Lily opens her eyes, not realizing that she's still crying. Mary and Marlene's faces come into focus slowly, and a surge of love for the both of them overcomes Lily. With a great big sigh, Lily reaches out, giving each of her friends a tight hug. She feels their warm arms encircle her, and for a moment, all Lily can hear is the thrum in the air and the wind whipping her hair. The three friends stand there for a long moment like that, locked in an embrace among the standing stones, sunshine in their eyes.


"Is she okay?"

"What happened?"

"She cracked up, I heard."

"I heard she was hungover."

The whispers flit over Lily's head as she tries willfully to ignore them. As if reading her mind, Marlene scowls at the latest group of their peers watching Lily with curiosity, their voices muffled behind their hands. "Ignore them," Marlene says loudly, glaring at the group. "Haven't got anything better to do than talk about more interesting people than them, eh?"
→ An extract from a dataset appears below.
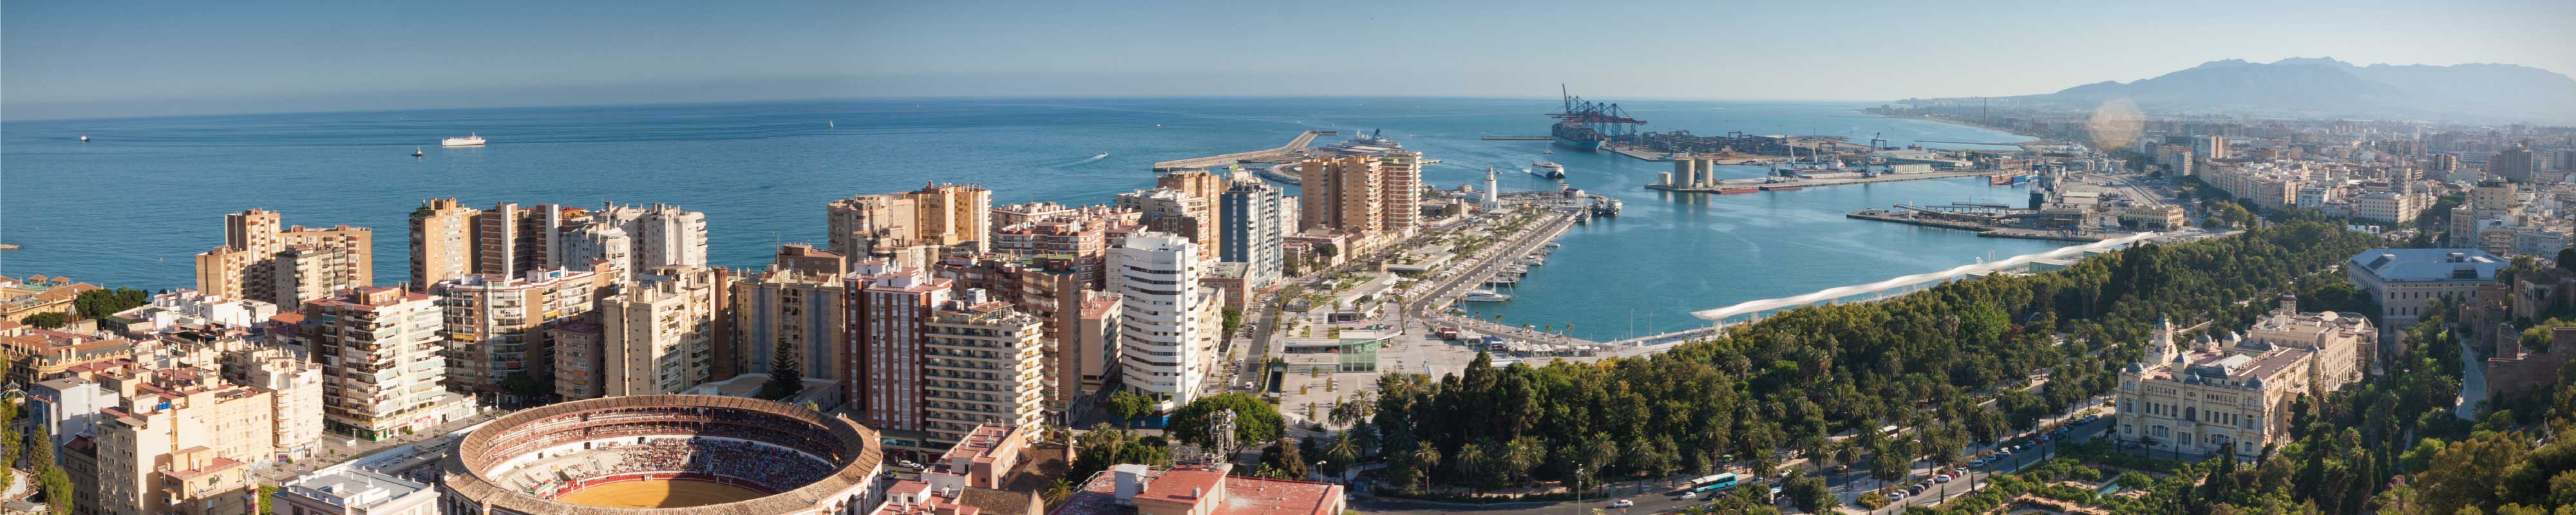 Consigna Equipaje | centro de la ciudad de Málaga en Málaga - Nannybag

A Slytherin girl scowls back at Marlene, but they skulk away, glancing over their shoulders.

"No one has any bloody manners anymore," Mary says from Lily's left. "Can't even be bothered to talk about people behind their backs like normal people."

"Seriously!" Marlene agrees, taking a sip of pumpkin juice.

"I cried," Lily points out dully, shredding the remainder of the dinner roll on her plate. "On a school trip. Our only school trip we'll ever take, and I cried at it."

"Well, it was a very lovely ceremony, wasn't it?" Mary says compassionately, patting Lily's arm with the utmost gentleness. "Even I got a little teary there at the end."

Lily rolls her eyes. "I wept, Mare," she replies. "In front of everyone."

"They should have been paying attention to the ceremony!" Marlene says loyally.

"Bit hard to focus when your Head Girl is boohooing like a bloody toddler," Lily says, trying to smile as if she's finding all of this very amusing.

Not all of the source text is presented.